Applications of vermiculture and vermicomposting in aquaculture

The most common method of solid waste disposal is land spreading which causes pollution of soil as well as surface and ground water resulting in mortality of aquatic organisms. Vermicomposting of wastes controls the pollution of soil and water, thus ensures the survivality and growth of fish, prawn and other aquatic organisms. The application of vermicastings which is a high grade organic fertilizer, to the aquaculture ponds reduces the input cost making the aquaculture production process more profitable and it also helps in controlling the harmful effects of chemical fertilizer application. Deolalikar and Mitra (1996) have used vermicompost prepared from paper mill solid waste for fertilizing aquacultural tanks and found an increase in net primary productivity from 32.08 to 220.83 mgC/m /h. Vermicompost application also showed better growth of rohu fish (Labeo rohita) when compared with other commercially available organic manures (Deolalikar and Mitra, 1997). There is an increasing demand for protein-rich raw materials in fish and other animal feed industry. Fish meal is the main protein component of fish feed. Earthworm is generally used as bait by the anglers. But large scale vermiculture has the potential of supplying earthworm meal as a substitute of fish meal. The earthworm meal contains all the essential amino acids required in fish feed. The methionine and lysine availability are higher than that of fish meal.

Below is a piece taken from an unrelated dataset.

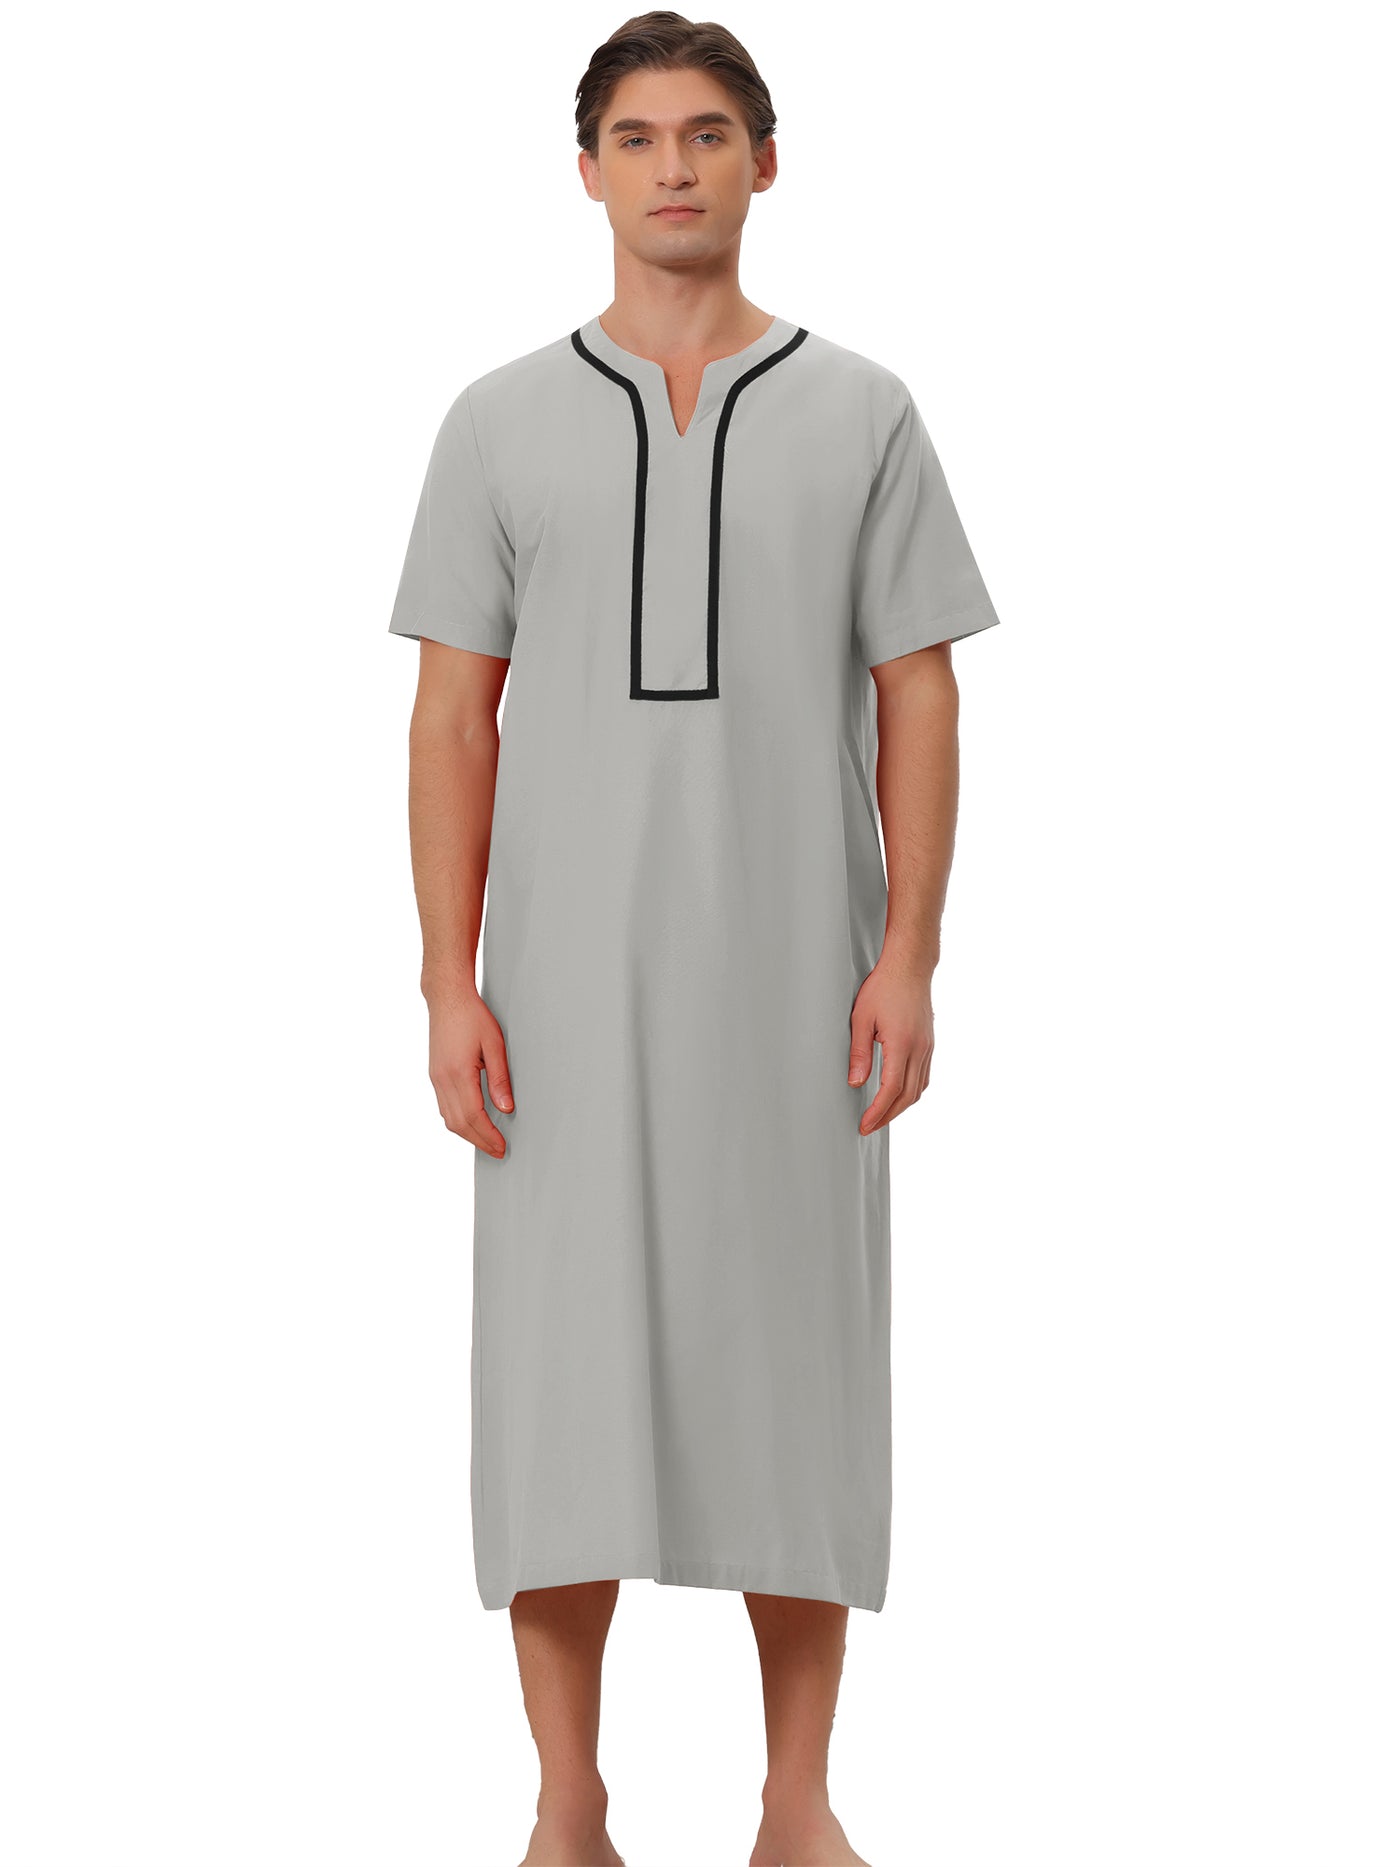 Bublédon Nightshirts for Men's Loose Fit Short Sleeves Color Block Sleepshirts Nightgown

The chemical compositions of earthworm, Eisenia foetida and two other protein sources are compared in the table below (values expresed as a dry matter basis, expressed in %):

Composition Earthworm meal Fish meal Blood meal

Protein 67.68 66.00 80.00

Fat 5.15 8.00 1.50

Fibre 0.71 1.00 1.00

Phosphorous 0.88 2.40 0.25

Calcium 0.55 4.00 0.30

(Source : Reinecke and Alberts, 1987)

Vermicomposting technology is applicable to the rural as well as the urban society. It not only helps in commercial aquafarming but also acts as a convenient source of earthworm for growing ornamental fishes in aquarium. Thus vermicomposting can be included as a component of sustainable life-style. Application of vermiculture and vermicomposting in aquaculture is ecofriendly and bioethically acceptable.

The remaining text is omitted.